A scream issued from the bedroom.
“A maiden’s in there!” Finn dashed past Kyen.
“Finn!”
When Finn entered, the griffin rounded on him. A young maiden cowered in the corner, half-hidden beside the dresser. Finn leapt the four-poster bed to plant himself between her and the griffin.
The griffin’s slitted eyes fastened on him. It stalked forward.
Clutching his longsword with both hands, Finn backed away. His back hit the wall beside the maiden. She whimpered beside him and covered her face with her hands.
The griffin growled. Its tail swished back and forth, thwacking the wall. Its hindquarters bunched up. Its pupils narrowed on Finn.
Kyen charged through the door. With a yell, he plunged his sword in behind the griffin’s shoulder. The blade barely penetrated the griffin’s body, wedged in the rib cage.
The griffin roared and spun on Kyen. Its head and forepaws smashed through the end of the bed. Kyen’s sword, stuck in the griffin, ripped out of his hands.
Kyen stumbled backwards.
The griffin sprang after him.
Kyen dove out of the way. He hit the ground on his belly. Snatching up a broken bedpost, he scrambled away. The griffin lunged after him. He threw himself against the wall, bracing the bedpost. The blunt end caught the griffin in the chest, stopping it short. A swipe of its claws slashed inches from Kyen’s face.

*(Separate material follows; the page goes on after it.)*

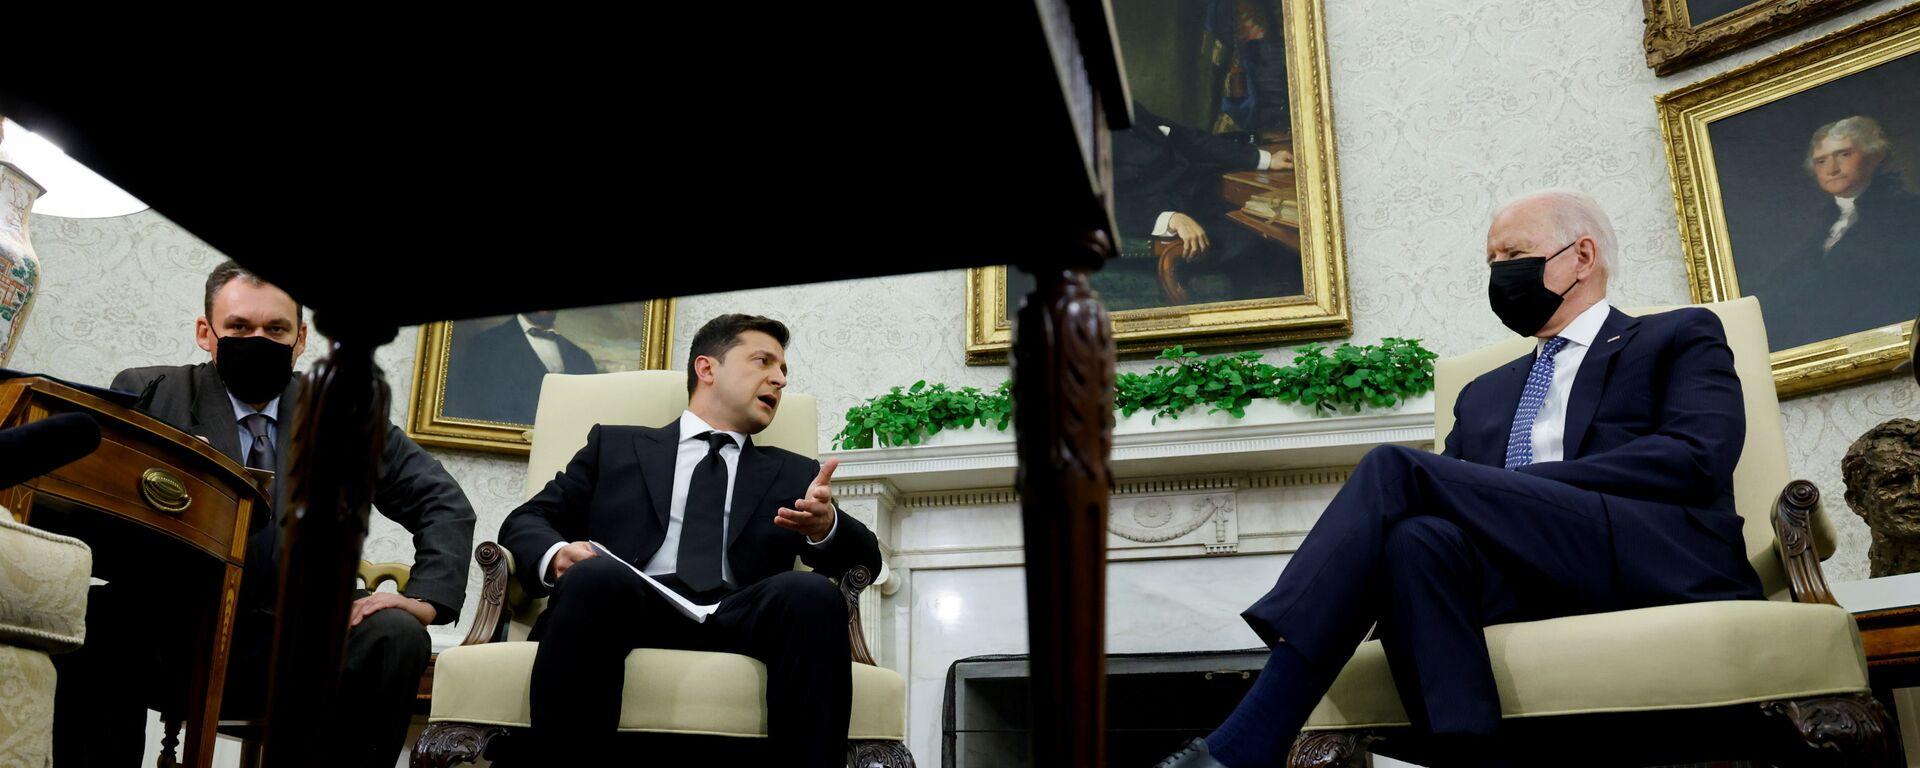 Ukrajinský prezident Volodymyr Zelenskyj s prezidentem USA Joem Bidenem - Sputnik Česká republika, 1920, 02.09.2021

“Get her out!” Kyen yelled. He pressed himself back as another swipe of claws breezed past.
Finn seized the maiden’s hand. Yanking her to her feet, he ran her behind the raging griffin and shoved her into the corridor ahead of him. The maiden’s knees buckled. She cringed to the ground and started hyperventilating.
“Stand up! Stand up!” Finn pulled her up, but she sank back. Hauling her upright, Finn pressed her up next to the doorway and propped her there.
“You have to run!” He yelled at her, but she gasped and sobbed and hid her face in her hands.
Another roar shook the walls.
With a growl of frustration, Finn started for the doorway, but a loud crack like a lightning flashed out. Finn stumbled backwards, shielding his eyes. A thud shuddered through the walls.
Blinking and squinting, Finn told the maiden, “Don’t move!” He re-entered the room.
“Kyen!”
Kyen stood, pale and shaky, with the bedpost still clutched in his hand.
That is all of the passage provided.